Background information
- Born: Xavier Landum May 12, 1998 (age 28) Dallas, Texas, US
- Genres: Hip-hop; Southern hip-hop; trap; country rap;
- Occupations: Rapper; songwriter; record producer;
- Years active: 2019–present
- Label: UnitedMasters
- Publisher: Sony Music Publishing

Signature

= BigXthaPlug =

American rapper (born 1998)

Xavier Landum (born May 12, 1998), better known by his stage name BigXthaPlug, is an American rapper, songwriter, and record producer. Signed to UnitedMasters of Brooklyn, New York City, he first rose to prominence for songs including "Texas" and "Mmhmm".

== Early life ==
Xavier Landum was born on May 12, 1998, in Dallas, Texas, and grew up in a challenging environment, the son of street-dwellers. He recalls an early childhood marked by extremes. At age four or five, Landum witnessed his mother, whom he describes as a "gangsta", shoot at a would-be thief during an attempted robbery. While his mother was his best friend, his father took on the role of disciplinarian. Both parents introduced him to a variety of music, from the Isley Brothers and UGK to Drake and Lil Wayne, influencing his eclectic taste.

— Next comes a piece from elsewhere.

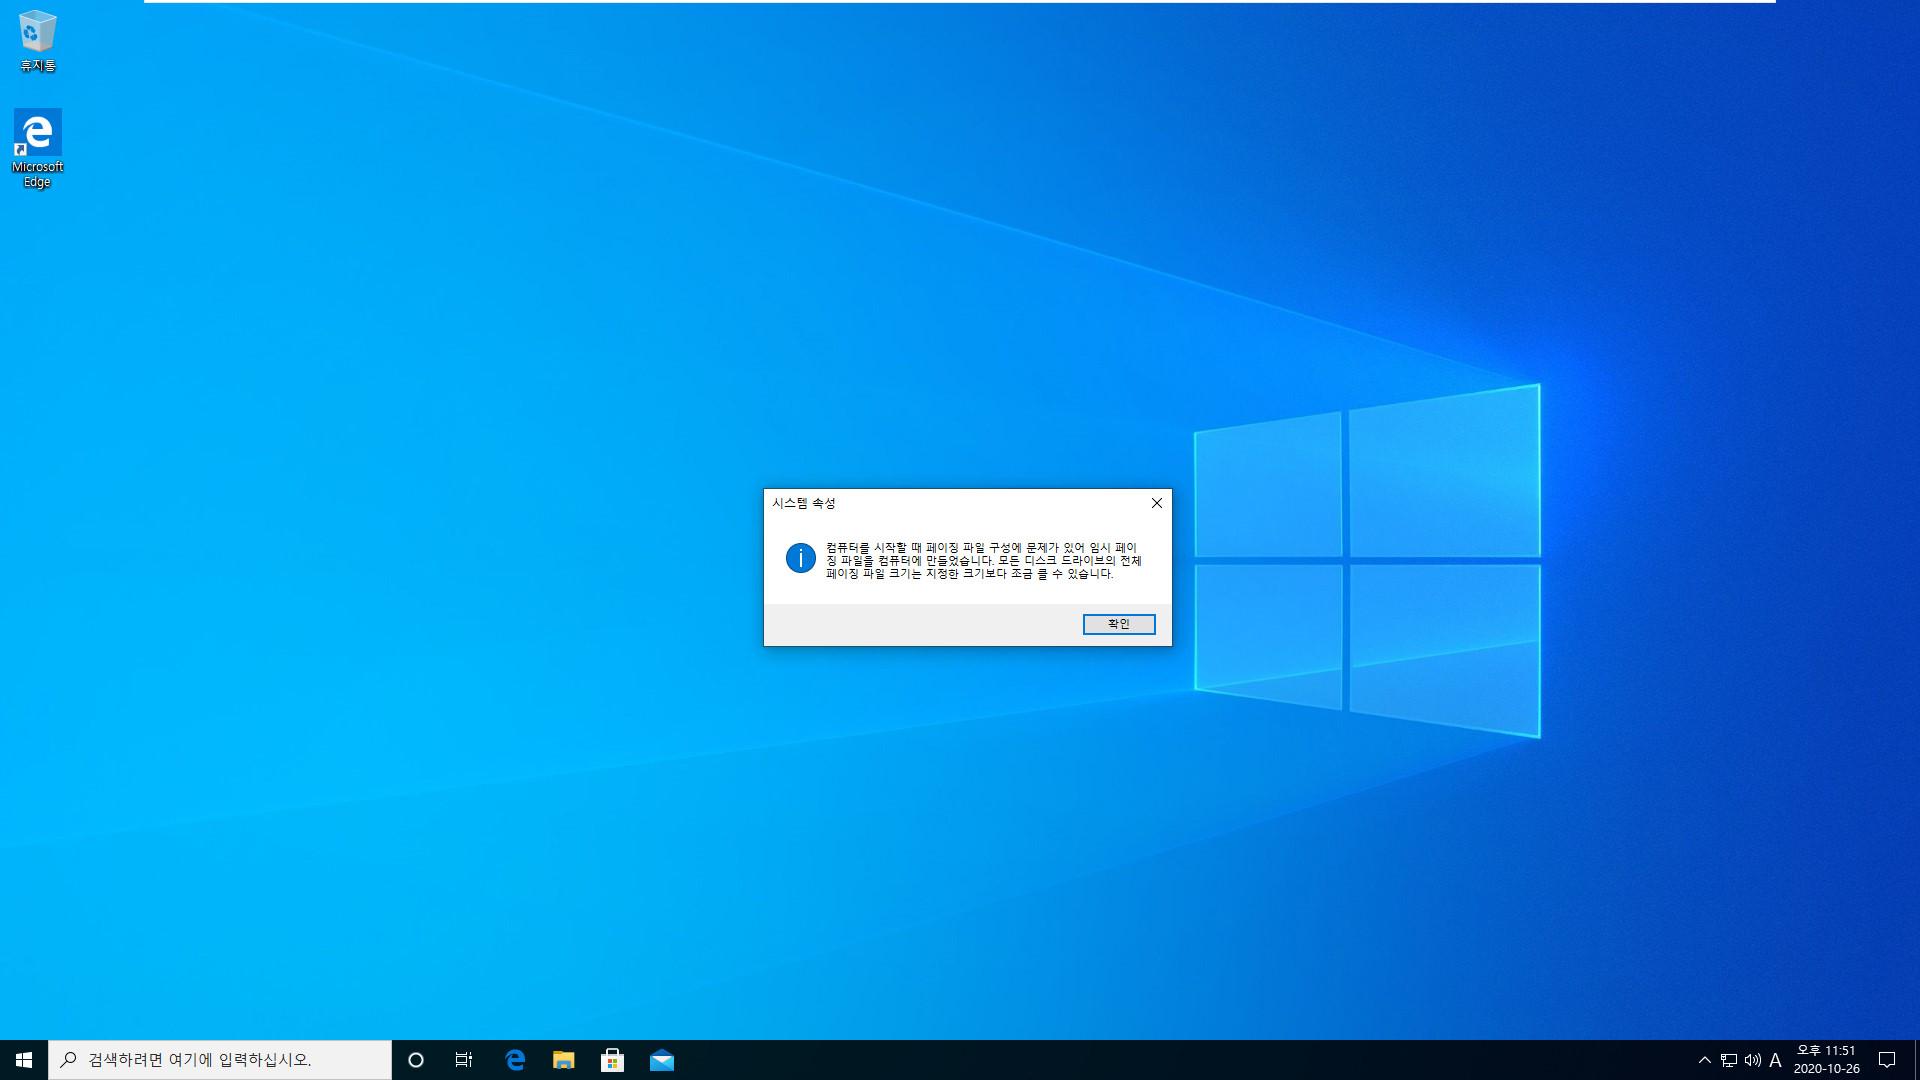 exFAT 포맷으로도 VHD 부팅이 Windows 10 버전 1903부터 된다고 하여 테스트 - 생고생만 하다가 컴퓨터 먹통 2번이나 되고 그만뒀습니다 2020-10-26_235156.jpg

Landum struggled in school from a young age, frequently skipping classes and getting into fights. By age nine, he moved to Commerce, Texas to live with his father. Football became an outlet for his aggression, and his skills on the field eventually earned him attention from Division 1 scouts. In 2016, after graduating from Ferris High School in Ferris, Texas, he enrolled at Crown College in Laketown Township, Minnesota.

Landum began selling marijuana to students at college which led to police discovering marijuana in his dormitory room. He was given a ticket and expelled from the school, ending his collegiate football ambitions.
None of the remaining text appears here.